• **Given information**:
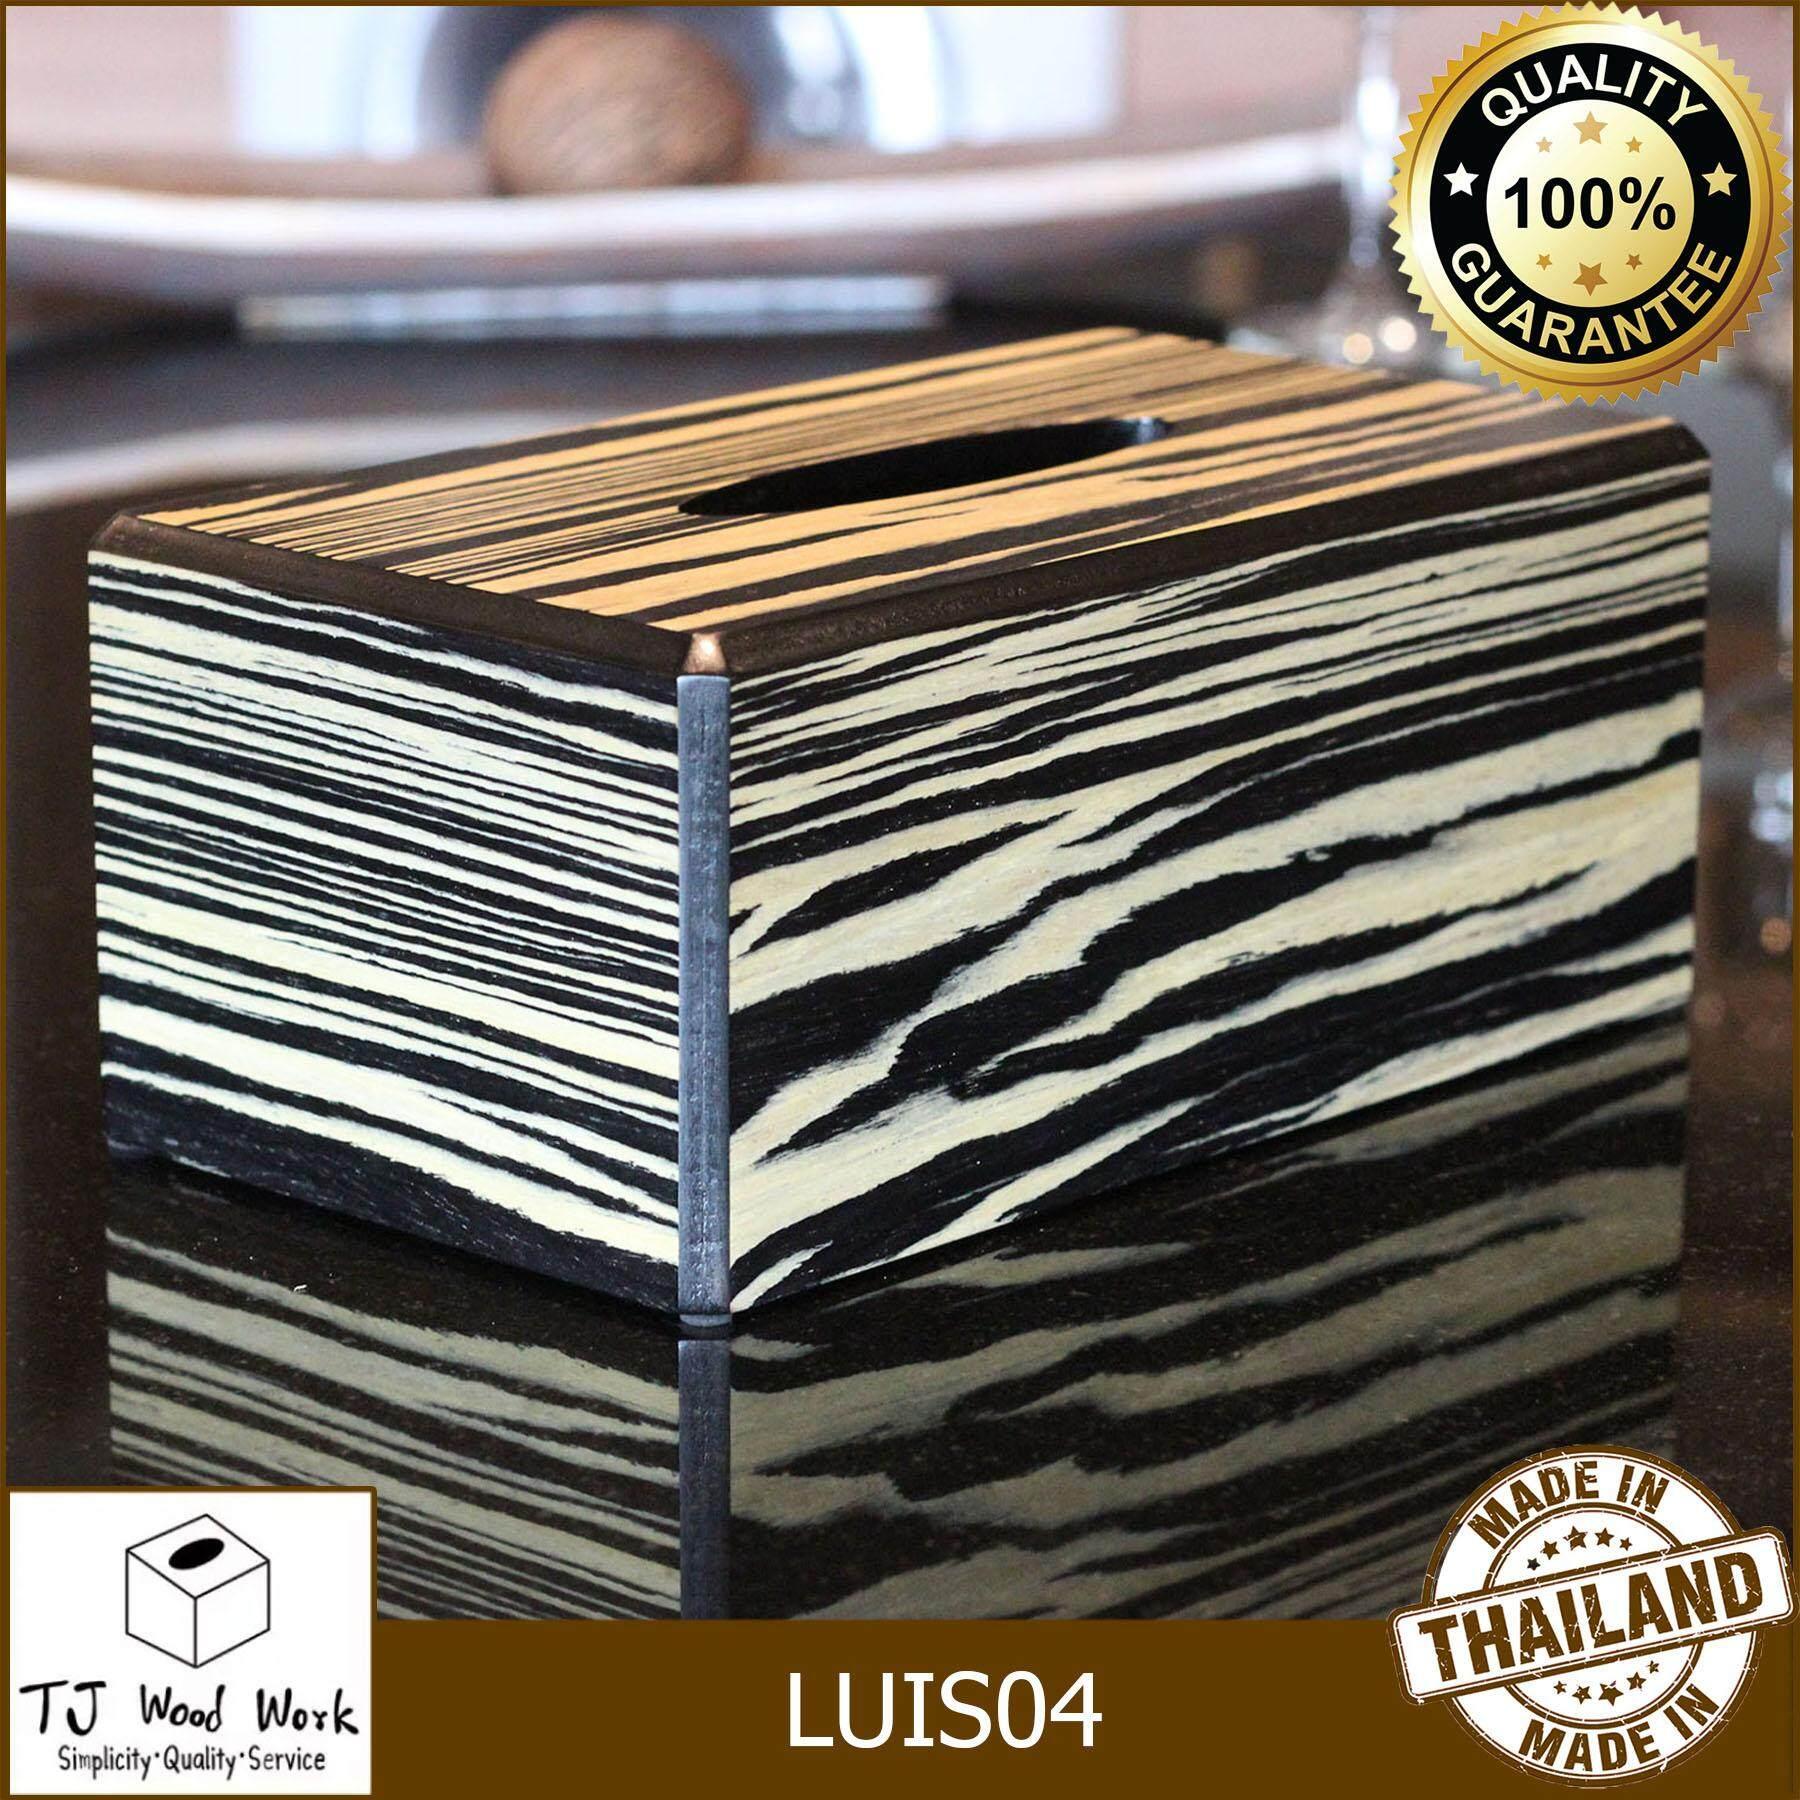 Cheapest today TJWW WOODEN TISSUE BOX กล่องใส่กระดาษทิชชู่ผิวเนื้อไม้ซีบราโน ขนาดใหญ่ ขนาด26x14.5x10.5 cm ล่าสุด - มีเพียง ฿284.10
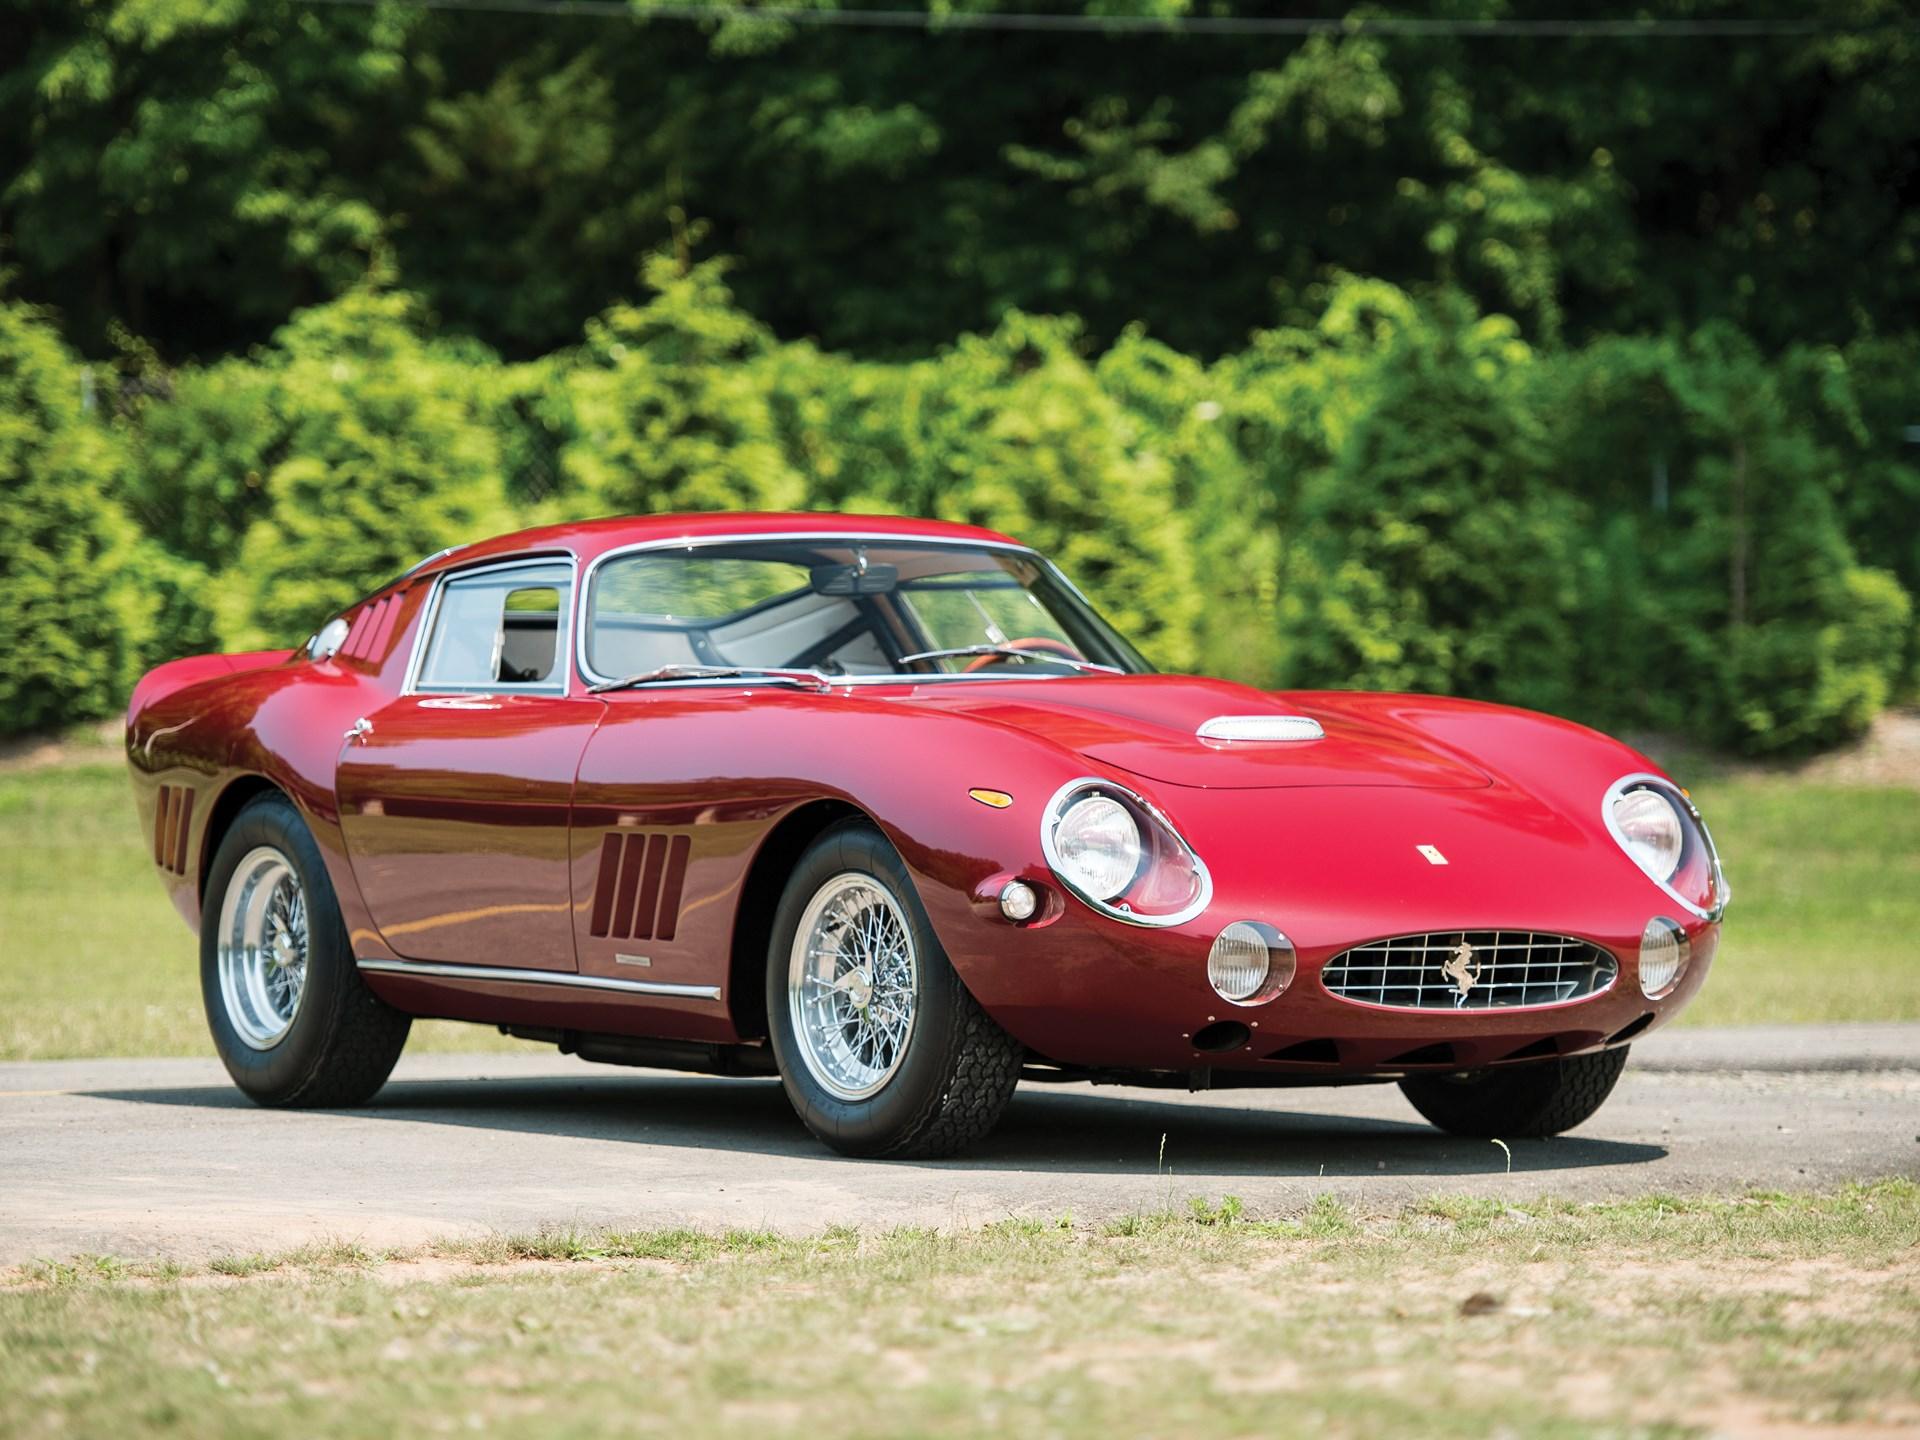 Ferrari 275 gtb 4 price
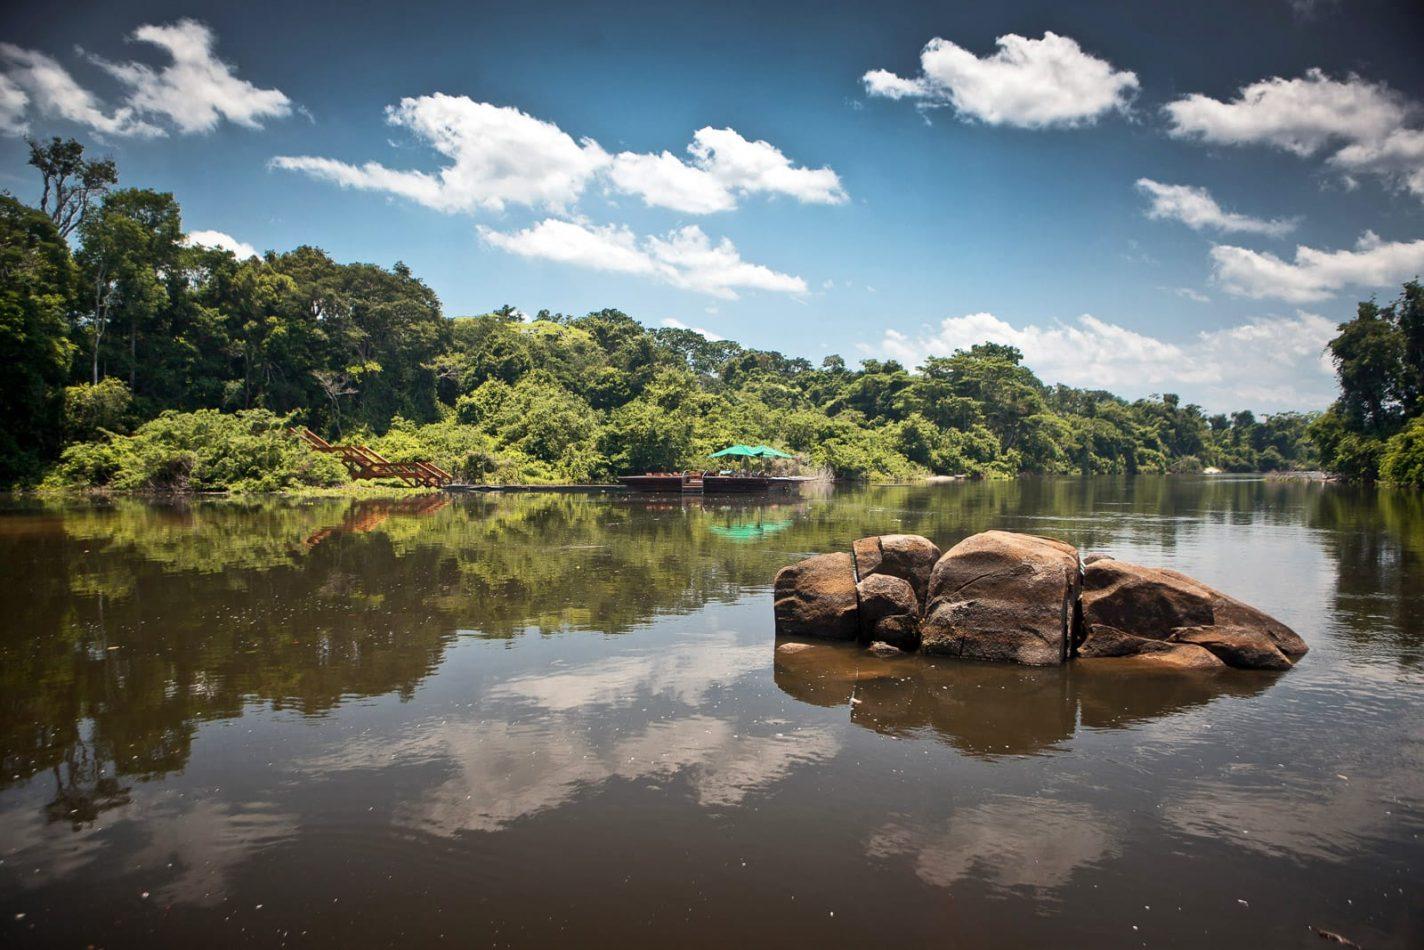 Cristalino Jungle Lodge aan de Cristalino

• **Problem to solve**: The finished answer is an exact repetition of the listing, with every picture removed.

• **Output**:
 Cheapest today TJWW WOODEN TISSUE BOX กล่องใส่กระดาษทิชชู่ผิวเนื้อไม้ซีบราโน ขนาดใหญ่ ขนาด26x14.5x10.5 cm ล่าสุด - มีเพียง ฿284.10
 Ferrari 275 gtb 4 price
 Cristalino Jungle Lodge aan de Cristalino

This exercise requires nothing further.